_REQUIRED WORK_
Return the following data exactly, with all pictures left out.

_DATA EXTRACT_

++++++++++++++++++++

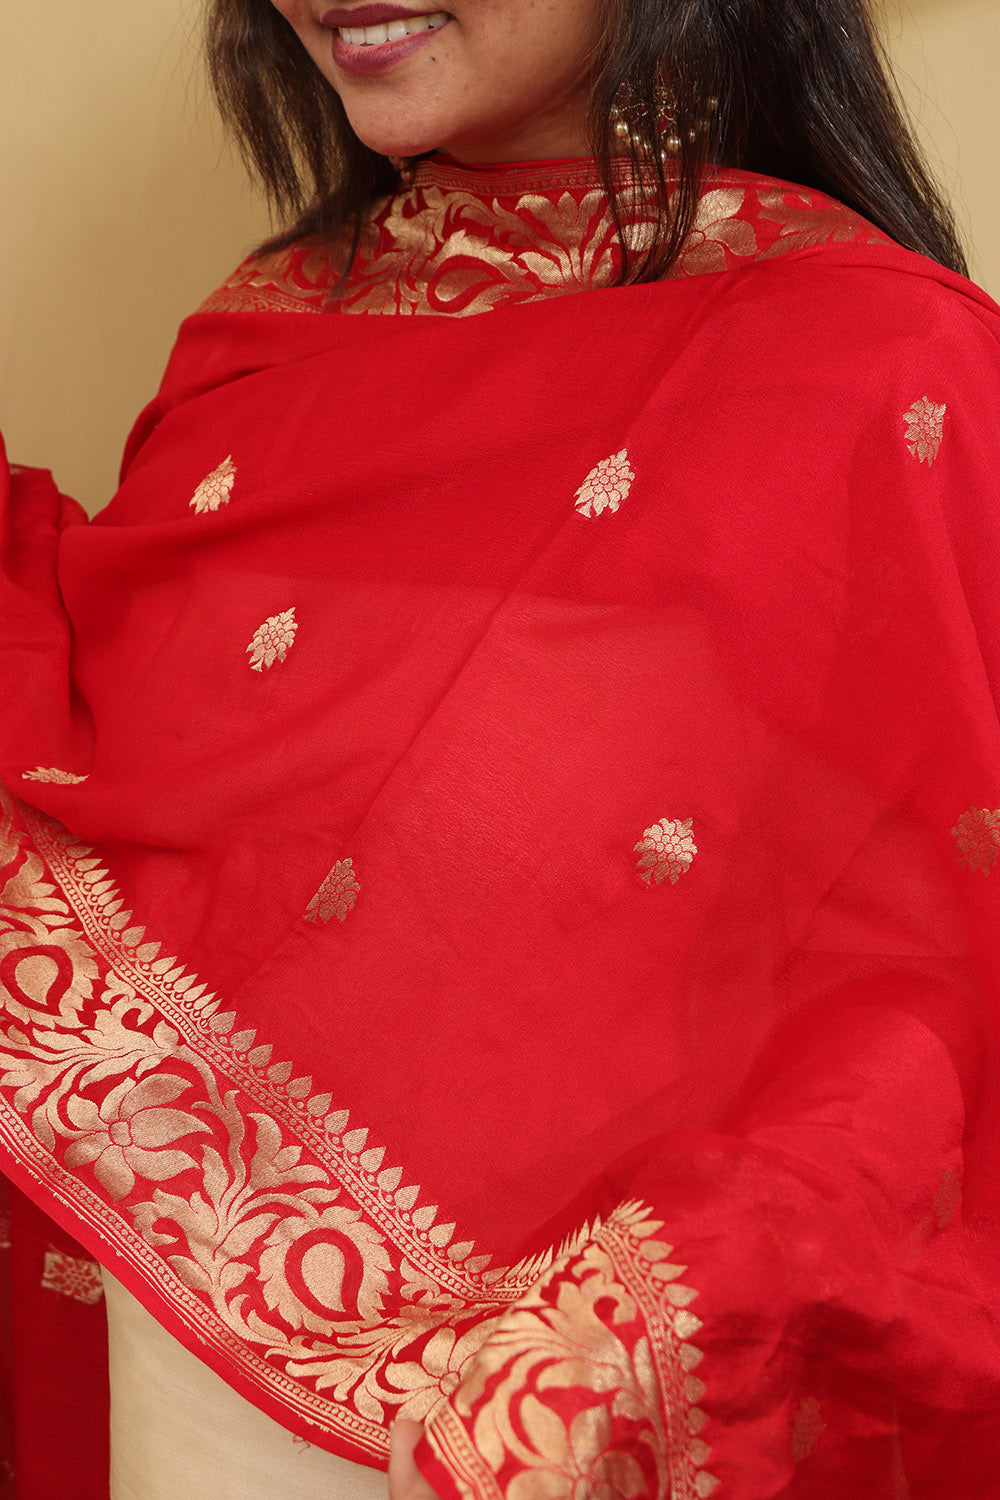 Handloom Banarasi Georgette Dupatta in Red - Luxurion World
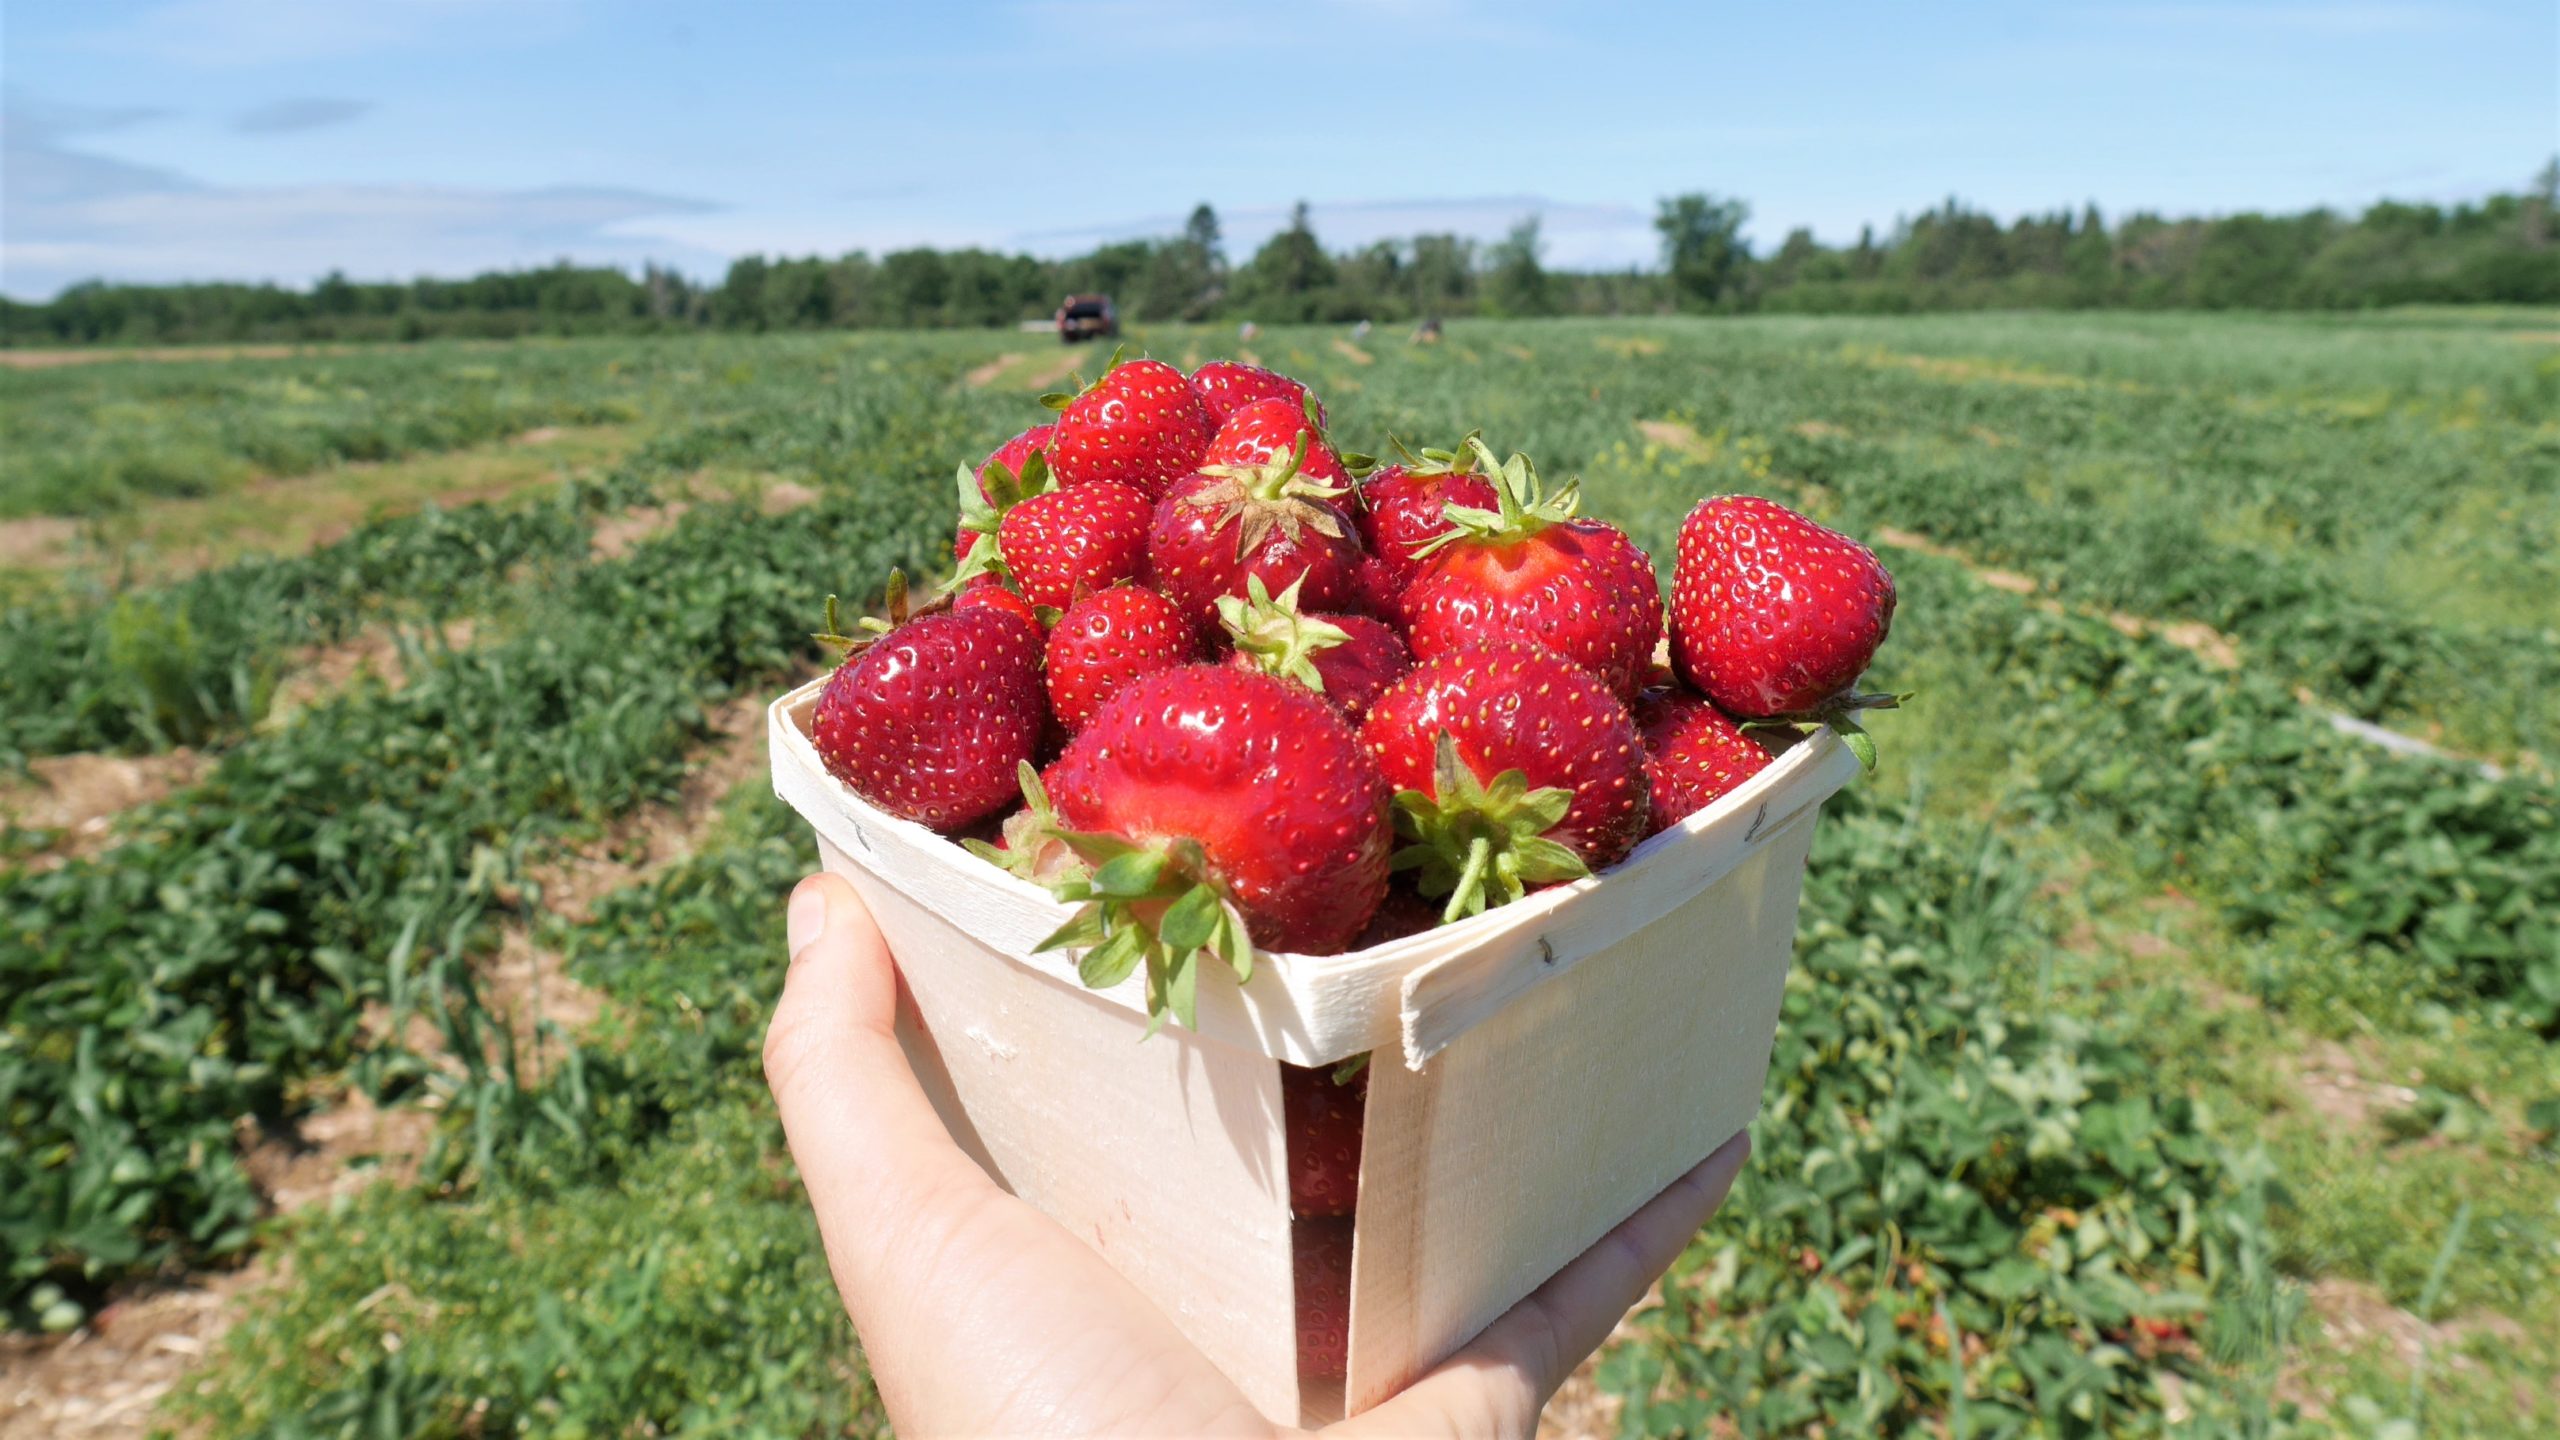 Sussex NB Strawberry Upick autocueillette fraises Nouveau-Brunswick blog voyage Canada
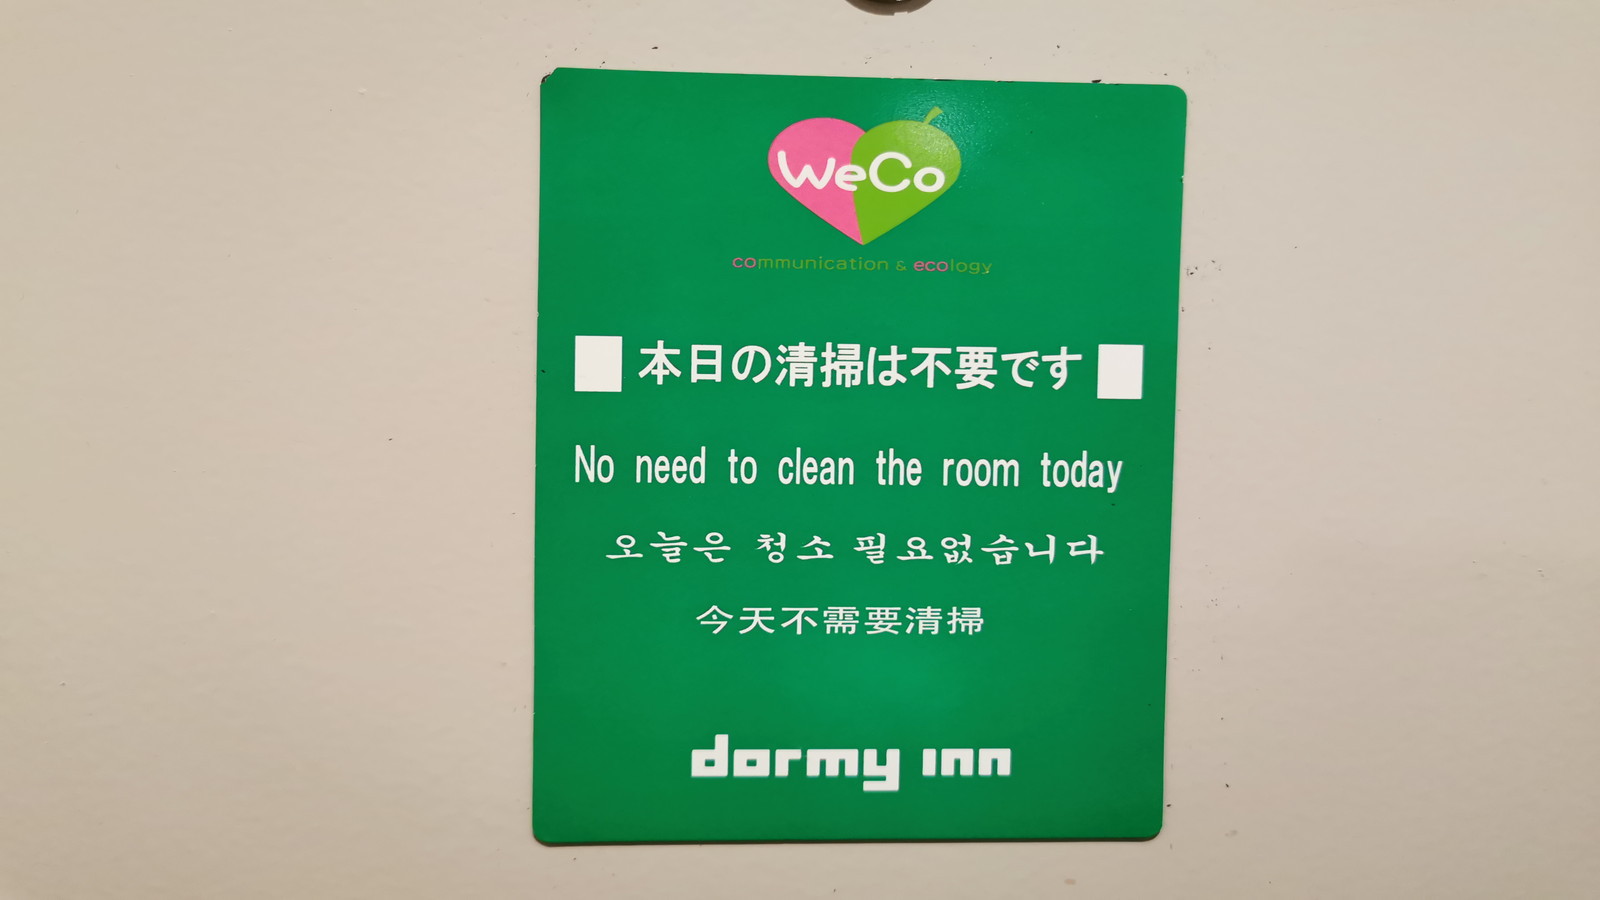 【客室】清掃不要のお客様はドアに掲示を

++++++++++++++++++++

_YOUR SOLUTION_
 Handloom Banarasi Georgette Dupatta in Red - Luxurion World
 Sussex NB Strawberry Upick autocueillette fraises Nouveau-Brunswick blog voyage Canada
 【客室】清掃不要のお客様はドアに掲示を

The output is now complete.